= Beginning of Section =
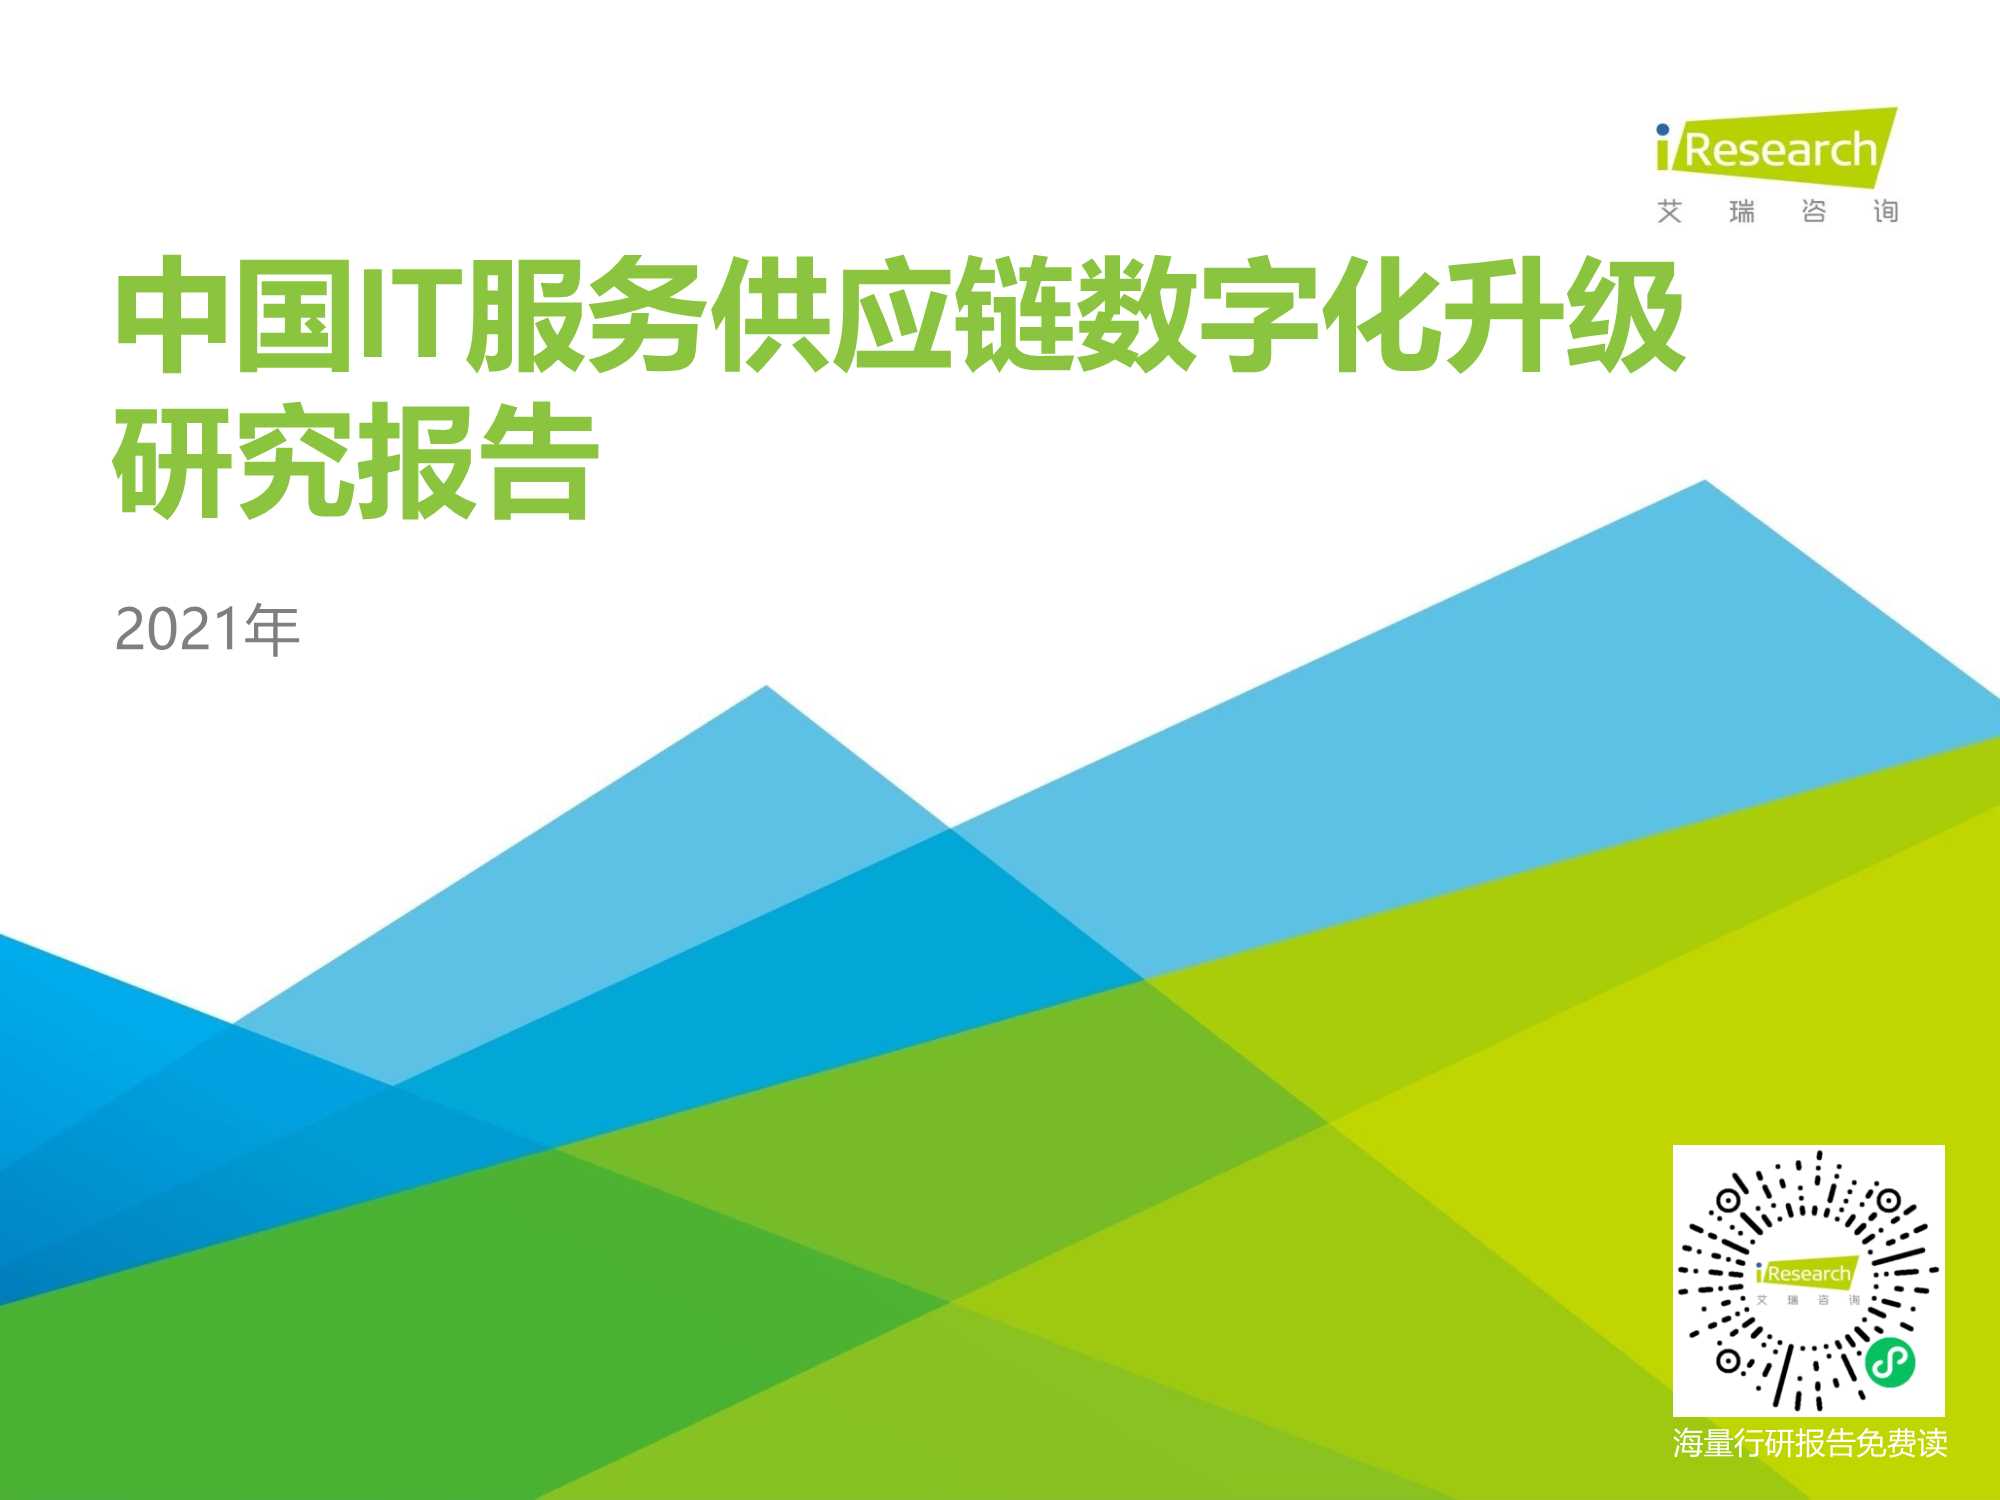 艾瑞咨询-2021年中国IT服务供应链数字化升级研究报告-2021.08-44页
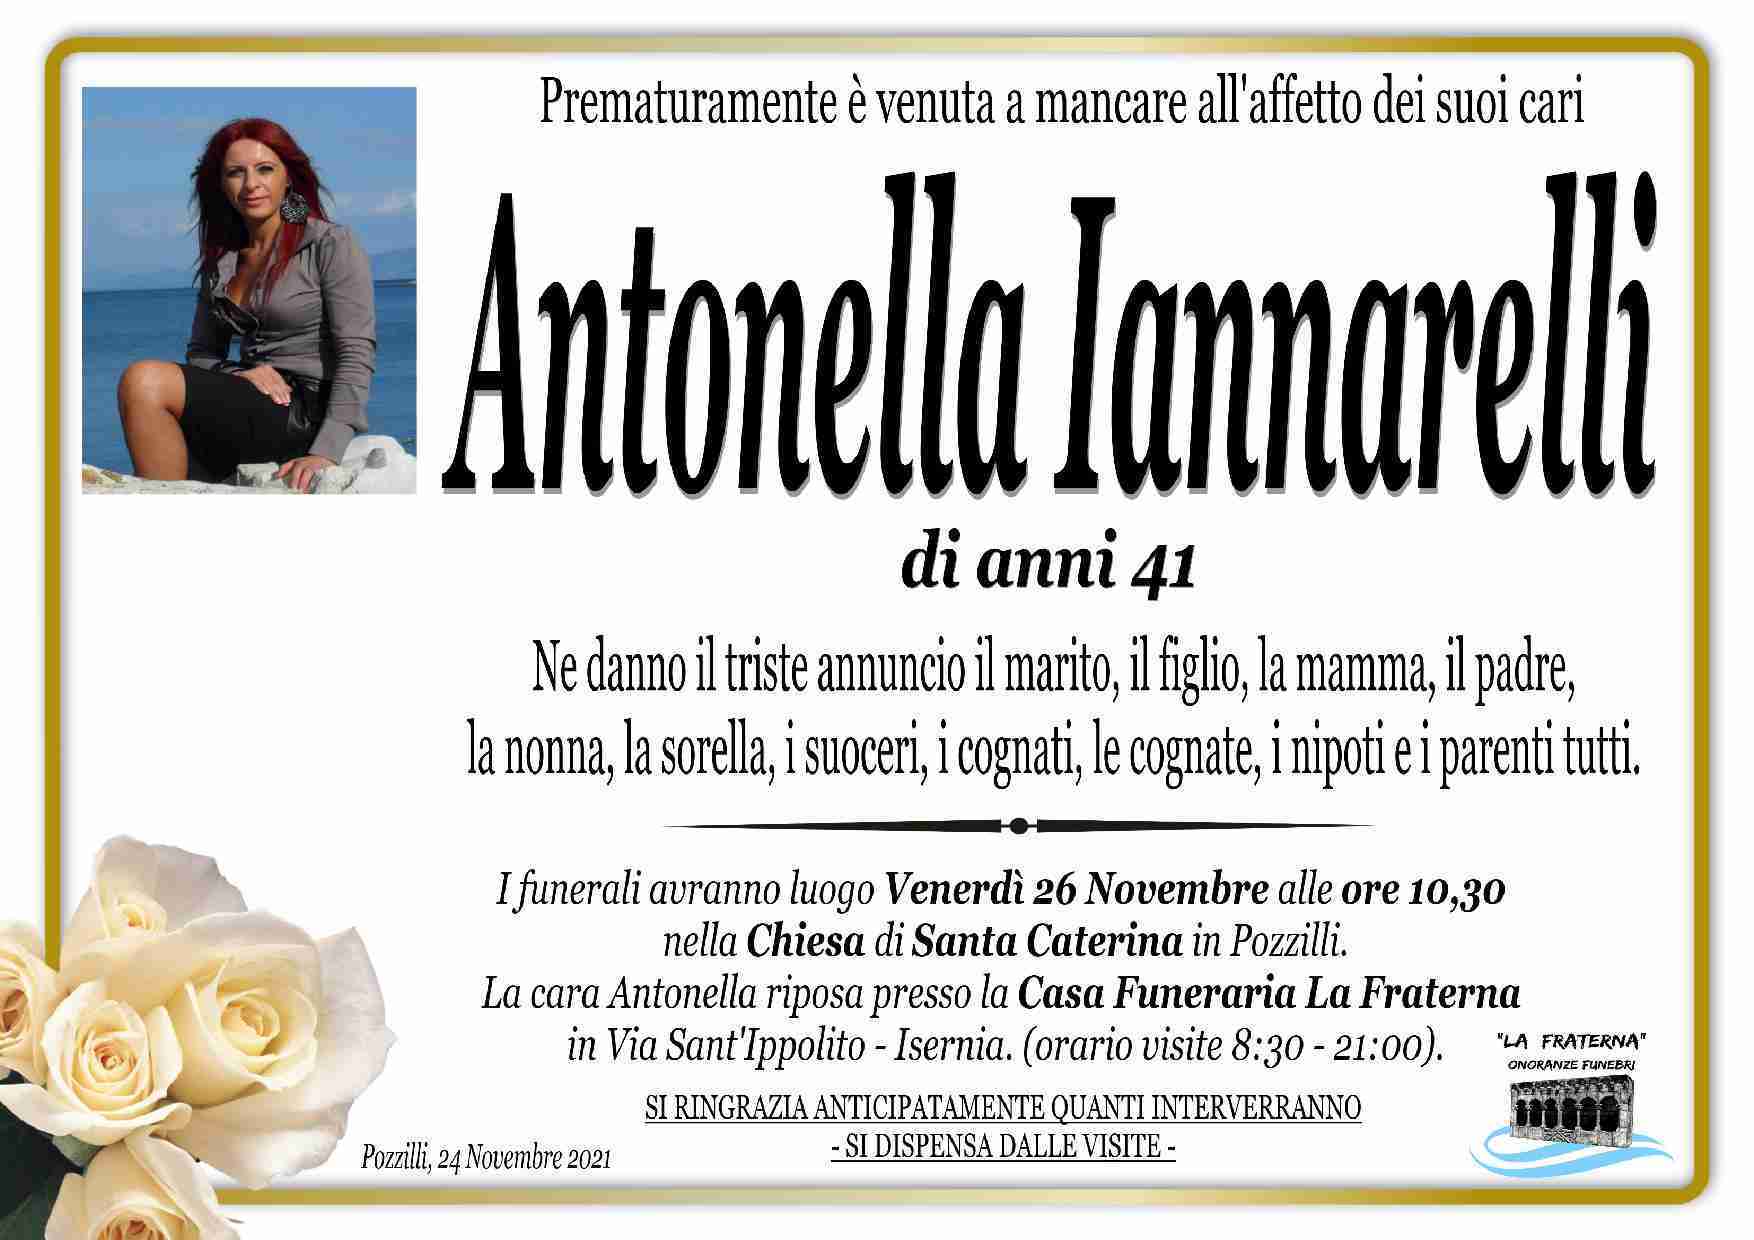 Antonella Iannarelli
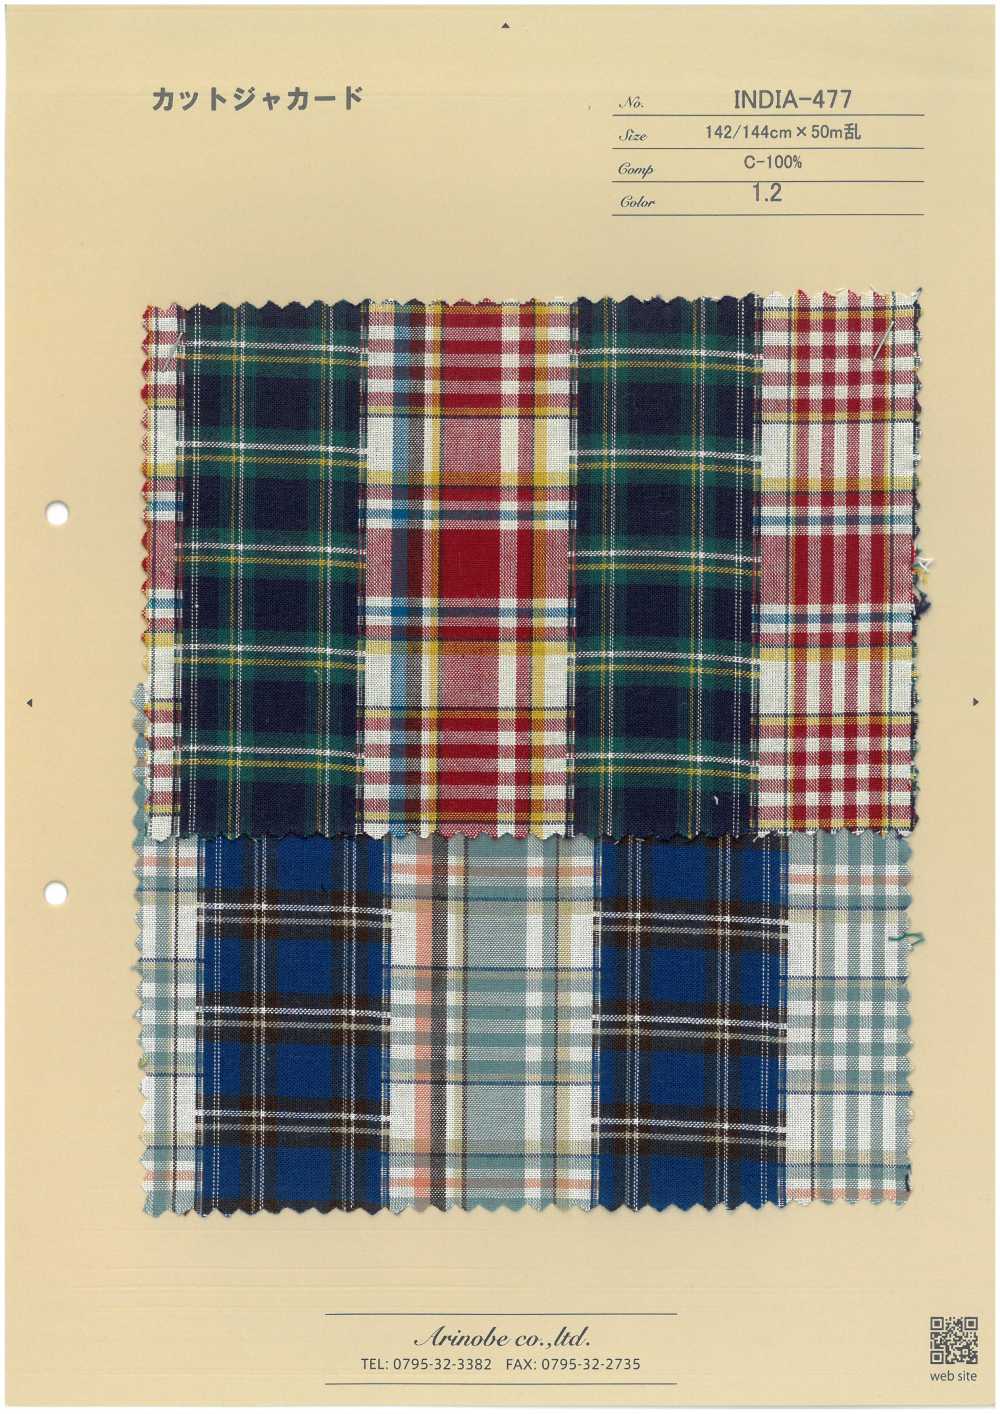 INDIA-477 Geschnittener Jacquard[Textilgewebe] ARINOBE CO., LTD.
= End of Section =
DIRECTIONS
Please copy out the material above exactly, with the images removed.

RESPONSE TO THE EXERCISE
 艾瑞咨询-2021年中国IT服务供应链数字化升级研究报告-2021.08-44页
 Antonella Iannarelli
 INDIA-477 Geschnittener Jacquard[Textilgewebe] ARINOBE CO., LTD.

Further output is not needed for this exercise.